Aveces somos tan egoístas que no dejamos que Dios haga la obra en nosotros, nuestros eventos, nuestras iglesias se llenan de Cristianos, nos gozamos y no nos preocupa que existe mucha gente que esta muriendo en las calles por falta de esa palabra que Dios ha puesto en ti, estamos haciendo todo menos la voluntad del padre celestial que es, Id por todo el mundo y predicad el evangelio a toda criatura, Id y haced discípulos, Y estas señales seguirán a los que creen: En mi nombre echarán fuera demonios; hablarán nuevas lenguas; tomarán en las manos serpientes, y si bebieren cosa mortífera, no les hará daño; sobre los enfermos pondrán sus manos, y sanarán, pero ¿como vamos a hacer la voluntad del padre si no la conocemos, si no leemos lo que el nos dejo en el manual de vida “La Biblia” como seguirán estas señales a personas que no intimidan con el padre, personas que están vacías, que no se congregan, que no están en buscar el reino sino en buscar las añadiduras, personas que no son humilde y obedientes?

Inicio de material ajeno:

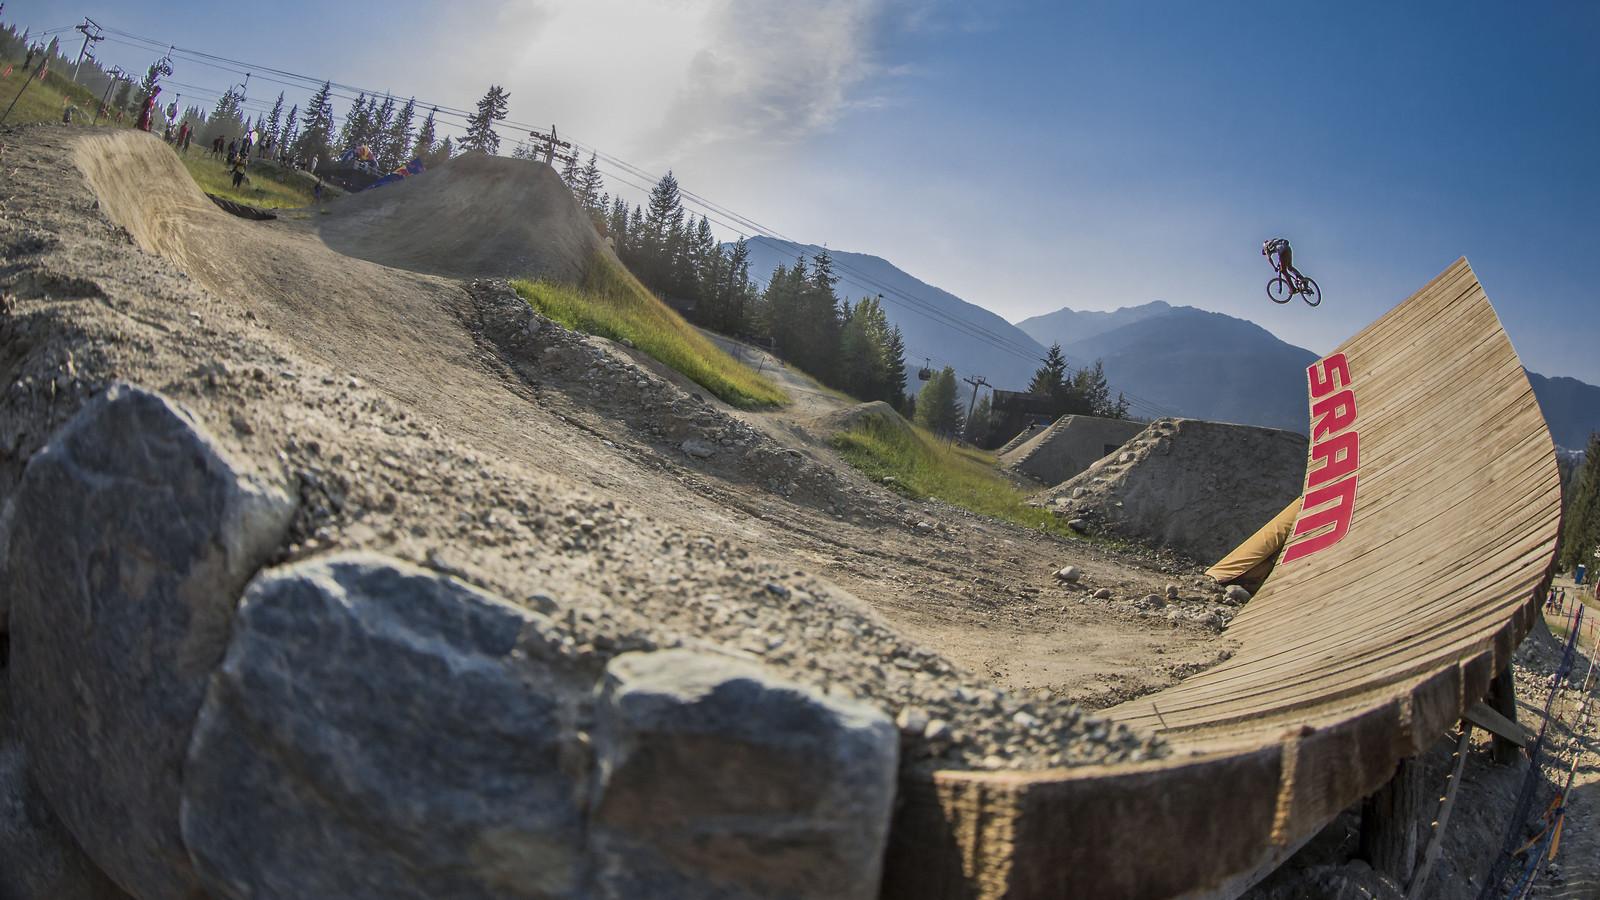 joyride practice 2015 - phunkt.com - Mountain Biking Pictures - Vital MTB

Mi pregunta es ¿Cuantos han muerto a sus deseos para hacer cumplir los de Jesucristo?

¿Cuantos están haciendo esto, a cuantos le están siguiendo estas señales?

A ti lector te digo que si no dejas que Dios te mate y mueres a ti mismo no entraras al reino, no importa cuan bueno seas predicando, cantando, danzando, tocando un instrumento, o lo que sea que hagas incluso no importa si hechas fuera demonios, o sanas paralíticos, si no buscas hacer la voluntad de Dios estas transitando un camino largo y peligroso que no te lleva a un buen lugar, es hora de que mengues para que el crezca, que te quites para que el se ponga, Dios te dice hoy niégate a ti mismo toma tu cruz y sígueme.

El mejor ejemplo de morir a si mismo fue Jesús cuando murió por tus pecados y dijo: Padre, si es tu voluntad, aparta de mí esta copa; pero no se haga mi voluntad, sino la tuya. Lucas 22:42

Escrito por Julio Perdomo alias “DJP El Liricologo”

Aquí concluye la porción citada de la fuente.